Samsung Electronics sees 44% drop in quarterly profit

October 26, 2008 - 0:0

Samsung Electronics posted a 44 percent drop in third-quarter net profit Friday as the global slowdown hurt its businesses, but operating profit beat estimates as semiconductors showed some resilience.

Still, the future looks challenging for the world’s top maker of memory chips and liquid crystal displays, or LCDs, which is facing a lengthy downturn in the once-reliable memory market and a rapid margin deterioration in the flat-screen sector, along with slowing demand for all consumer electronics.
“The market environment in the third quarter proved challenging amid rising costs and a downturn in the global economy,” Chu Woo Sik, Samsung’s senior executive in charge of investor relations, said in a statement.
“We foresee the coming months to be an even more challenging period.”
Shares in Samsung, South Korea’s biggest company worth about $48 billion, fell 4.23 percent to 452,500 won in morning trade, in line with the wider market’s 4 percent drop. The stock had fallen 13.8 percent in the third quarter, also in line with the Kospi’s 13.5 percent loss.
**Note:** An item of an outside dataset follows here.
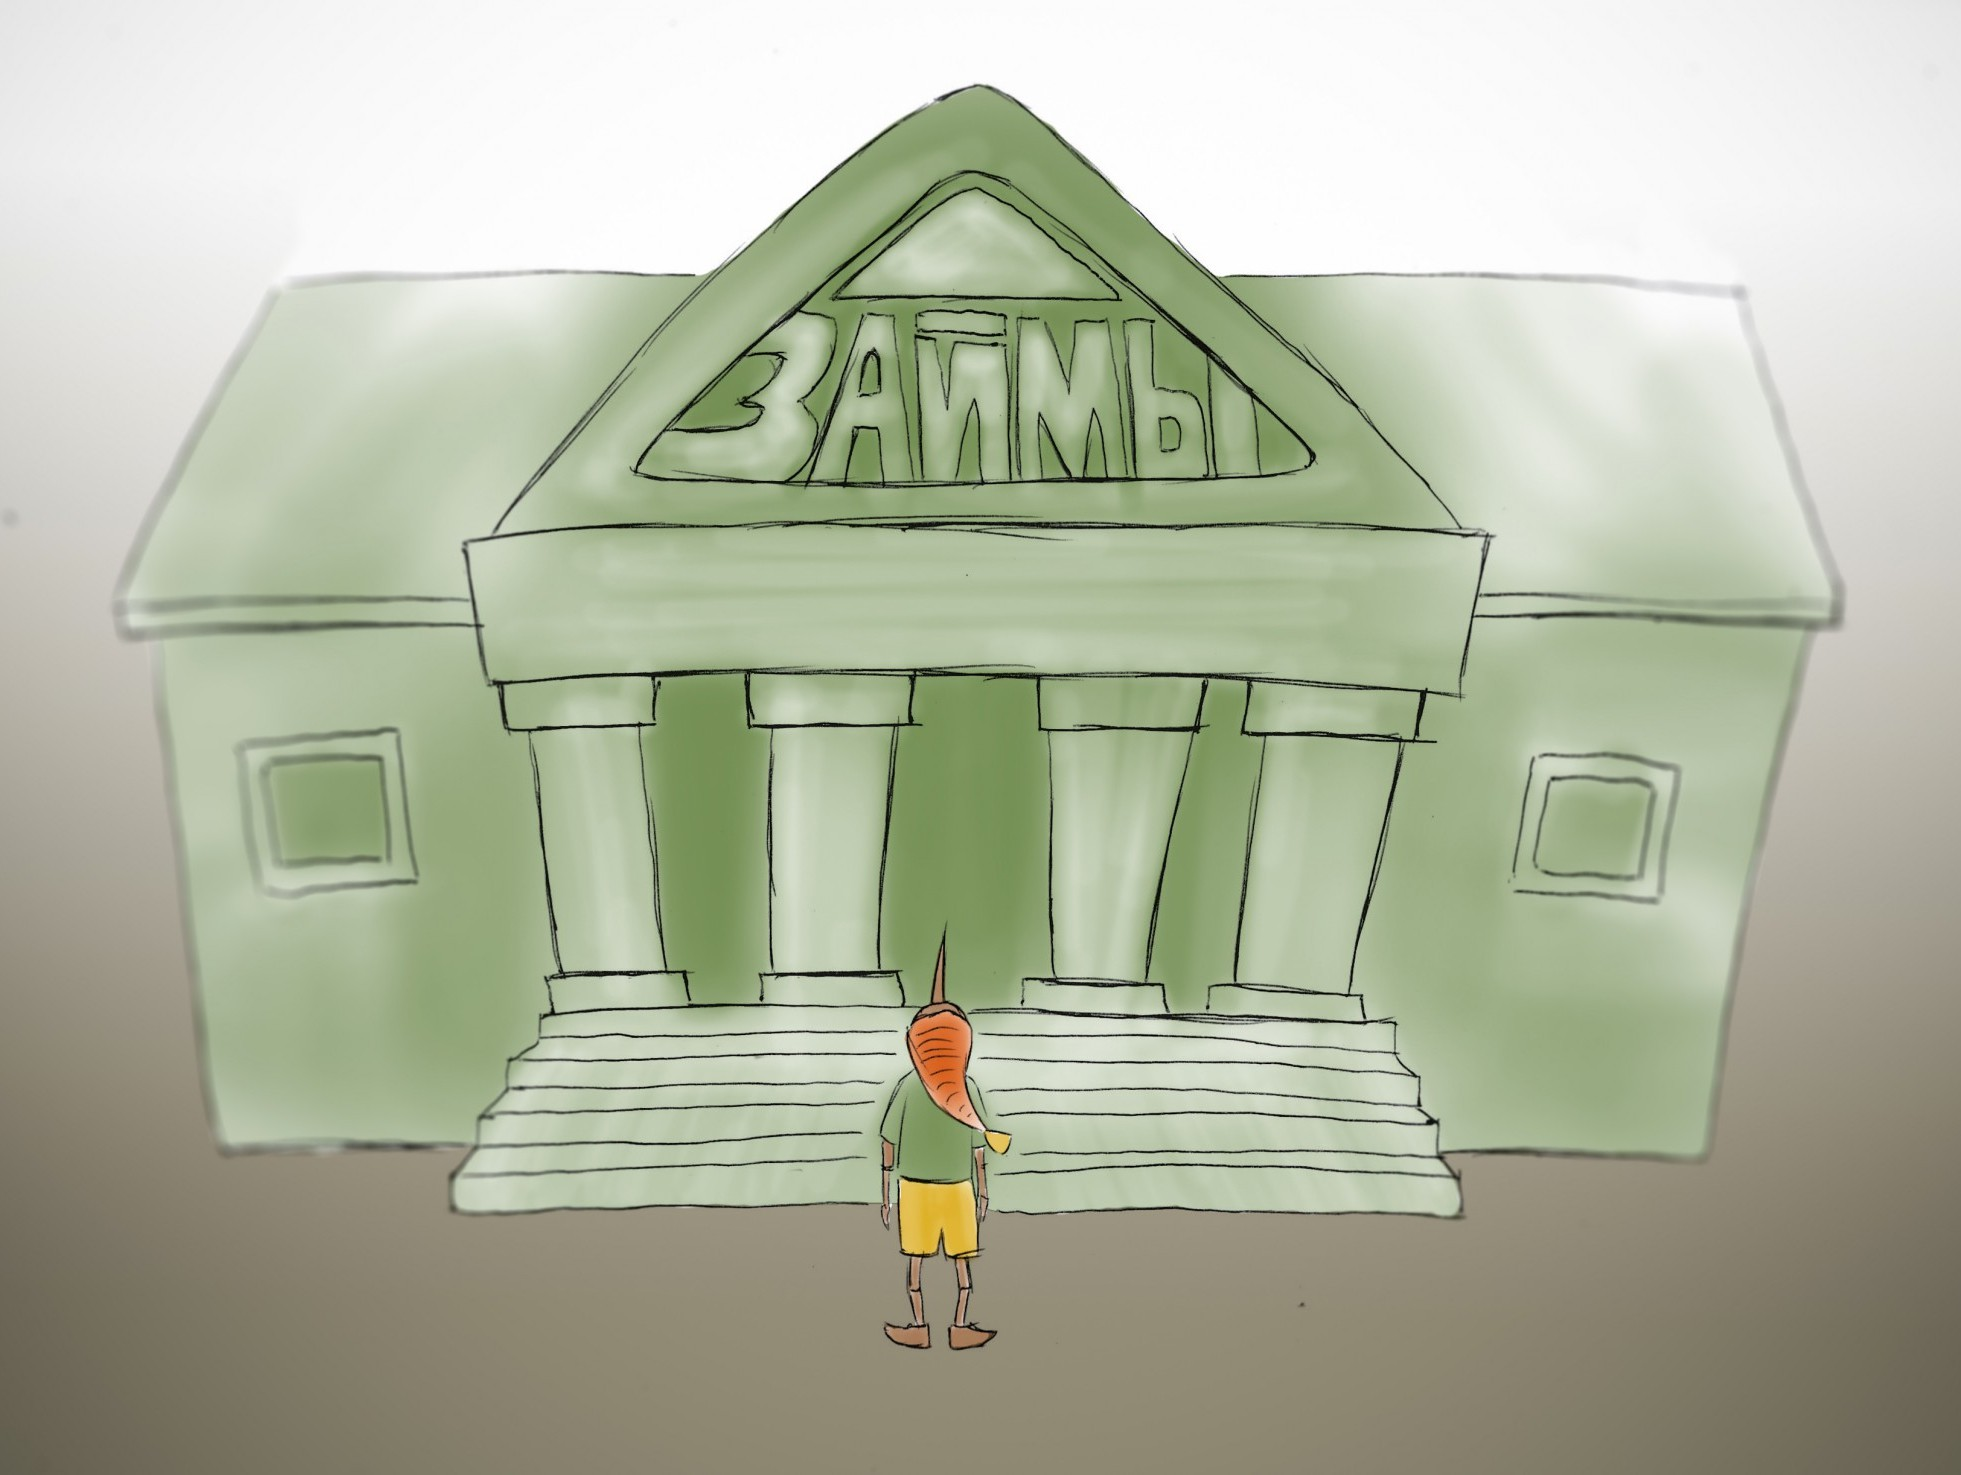 Как взять кредит в почта банке наличными чтобы одобрили 100 тысяч

Samsung’s July-September net profit fell to 1.22 trillion won, or $870.5 million, from 2.19 trillion won a year ago and 2.14 trillion won earned in April-June.
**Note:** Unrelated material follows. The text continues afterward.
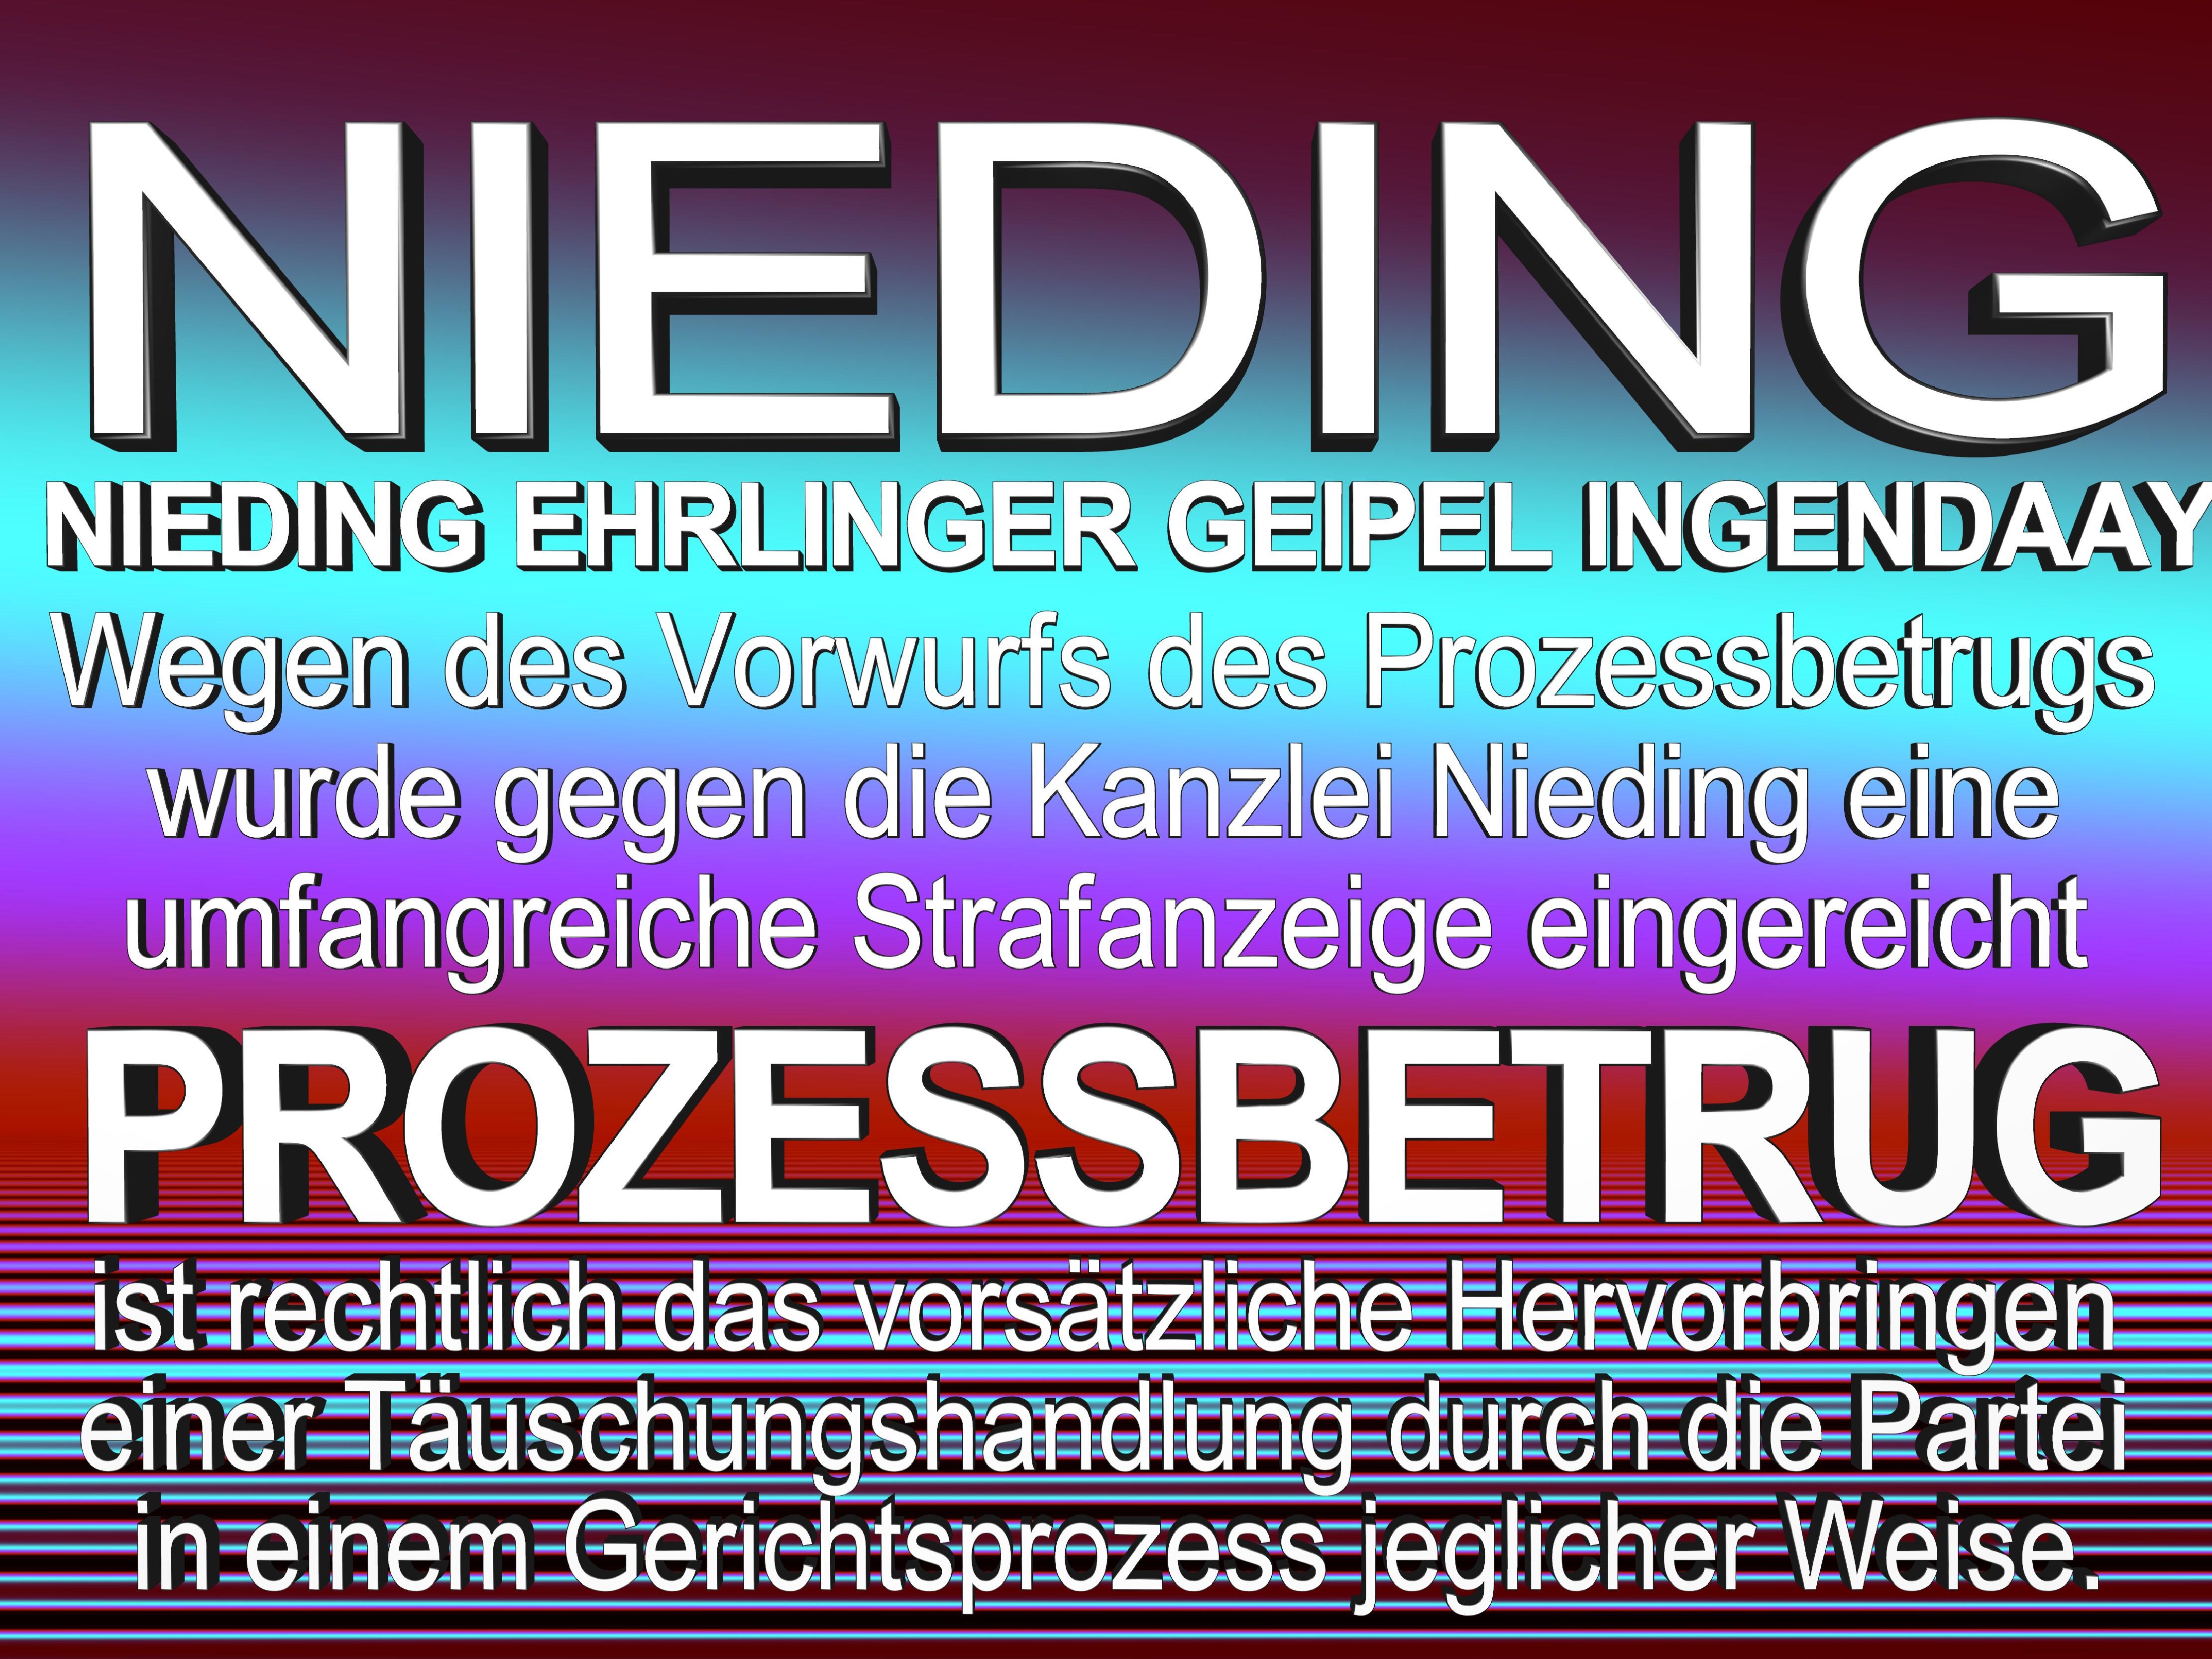 NIEDING EHRLINGER GEIPEL INGENDAAY LELKE Kurfürstendamm 66 Berlin (74)

The figure came right in line with a forecast for a 1.23 trillion won net profit by 11 analysts polled by Reuters.
Operating profit for the third quarter fell to 1.02 trillion won, widely beating expectations for 823.5 billion won. The figure still represented a steep drop from 2.07 trillion won a year ago and the second-quarter profit of 1.89 trillion won.
Revenue rose to 19.26 trillion won from 16.68 trillion won a year ago and 18.14 trillion the previous quarter.
Operating margins at Samsung’s semiconductor unit fell to 5 percent compared to 6 percent in the second quarter and 18 percent a year ago as the price of most computer memory chips has fallen below cash costs. But the figure was better than analysts’ prediction for a low single digit or break-even profit margin.
Makers of memory chips, mired in a downturn that started in early 2007, are not expecting a recovery before the second quarter of 2009.
Samsung’s display division margins fell to 8 percent from the second quarter’s 21 percent amid a rapid deterioration of the market due to oversupply.
Samsung, second only to Nokia in the cellphone market, sold 51.8 million mobile phones, up sharply from 45.7 million in the April-June quarter.
Mobile margins dropped to a smaller-than-expected 7 percent from 13 percent in the second quarter.